Ну и конечно же демократические страны в едином порыве поддержали свободную и демократическую рабовладельческую республику. Да, были конечно неприятные инциденты – то свободолюбы поотрезают головы англичанам. То перестреляют сотрудников «Красного креста» прямо в госпитале – ну что ж, издержки борьбы за свободу, бывает…
И в Чечню валом валили «врачи без лекарств», «шпионы без границ», «хало траст», обучавший минно-взрывному делу и целые кучи отморозков из мусульманских стран, да и из Европы, где отлично работали центры по вербовке.
Москва чухнулась только тогда, когда оказалось, что московский бомонд парят и бабло пилится неровно. Тогда в Ичкерию послали недоеденную реформами армию. Сопляков – срочников, дезориентированных офицеров, несработанные экипажи. Напрочь забыв весь опыт прошлых войн. Свой же собственный опыт, купленный страшной кровью.

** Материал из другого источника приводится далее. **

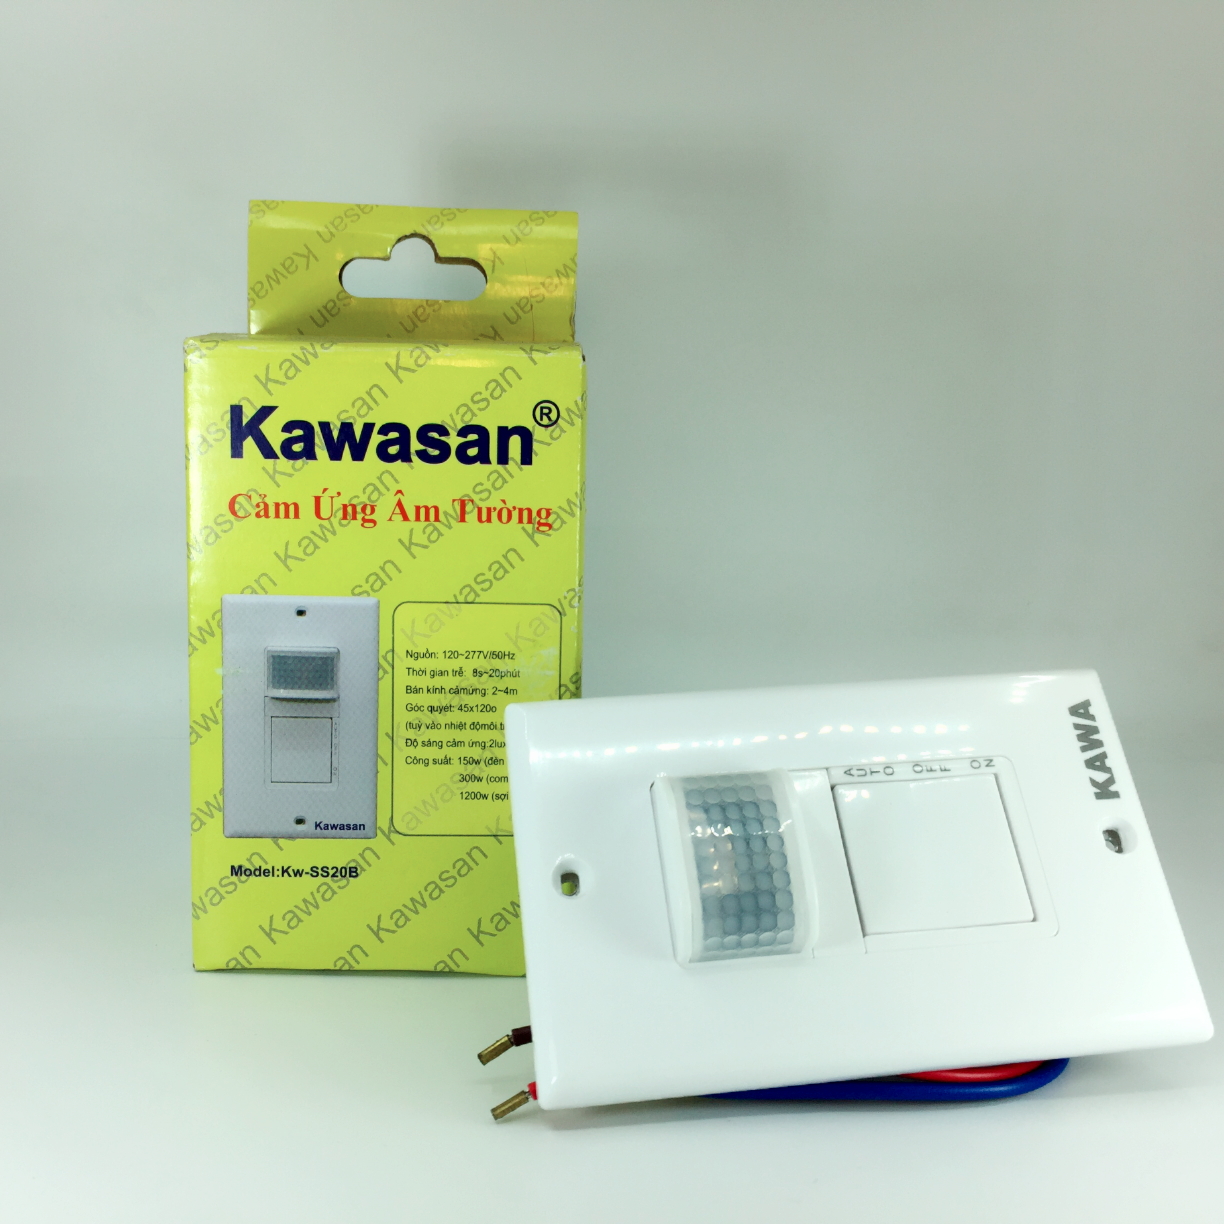 Cảm ứng hồng ngoại Kawa SS20B: Sử dụng cảm ứng hồng ngoại Kawa SS20B để tạo ra những trải nghiệm chiếu sáng không đụng hàng. Được trang bị công nghệ tiên tiến, sản phẩm này mang đến khả năng cảm biến chính xác và mạnh mẽ, sử dụng cho mọi mục đích chiếu sáng trong nhà. Hãy xem hình ảnh để khám phá thêm tính năng và tính năng của sản phẩm này.

И налили еще больше крови. Посреди страшного кровавого гноища жировали правозашитники, депутаты всех мастей – как опарыши в сортире. Они ловко убеждали поверивших им дурней в погонах – не воевать, сдаваться – ничего, дескать, не будет.
Это «ничего не будет» отлично видно на множестве трофейных записей – спокойная и веселая резьба по живому мясу.
До последнего момента не верящему тому, что сейчас с ним будут вытворять…
Потом, когда стараниями тупой военщины финансовый проект «Свободная Ичкерия» оказался под серьезной угрозой – не врубившиеся в тему войска вывели. Оставив для жуткой разборки несколько десятков тысяч еще живших там русскоязычных и тех чеченцев, которым такой разгул бандитизма и беспредела не нравился – а с беспределом даже шариатские суды не справлялись, что уже о многом говорит.
Позже, совсем потерявшая чувство реальности «Свободная Ичкерия» сама пошла воевать – и на этом кончилась.
Я не могу себе представить три вещи – глубину подлости, меру страданиям и верха лицемерия в этой истории…
– Чего тут рассказывать… – вздохнув, продолжает Надежда. Читали «Гадюку» Толстого? Должны были – в школе ее проходили…
– Читал.
– Ну вот… Только есть разница в том, как хрустят кости чьих-то родителей в книге – и как хрустят – твоих собственных. Рядом. Я не хочу об этом говорить… Да и отделалась гадюка дешево. Там ведь соседи прибежали. К нам никто не прибежал. А меня перепродавали несколько раз. Быть рабом – это… Тяжело… А рабыней…
Надежда опять замолкает.
Да, я читал несколько произведений на эту тему. «Кавказский пленник» – бывший в старину добротным триллером для непуганых современников – отдыхает. Тогда горцы были патриархальными, без фантазии…
– Потом оказалось, что я организовала несколько десятков полукриминальных подставных фирм и набрала кредитов на многие миллионы… Паспорта наши папа тогда отдал. Надеждой-то я стала только сейчас, до Катастрофы звалась Еленой. Мир все же не без добрых людей оказался, а на войне человека сразу видно становится, на войне человек – голый.
– Да, видно, что в военно-полевой медицине у Вас опыт. К слову – вы этих ребят из «Бастиона» знаете? Очень уж они за Вас горой встали.
– Не помню… Хотя если у этого дылды, как его – ну по-шотландски его еще называют – огнестрельное сквозное верхней трети бедра – то может и встречались. Но я думаю, что просто у них, как у всех воевавших – к ичкерийской агентуре отношение ясное. Насмотрелись.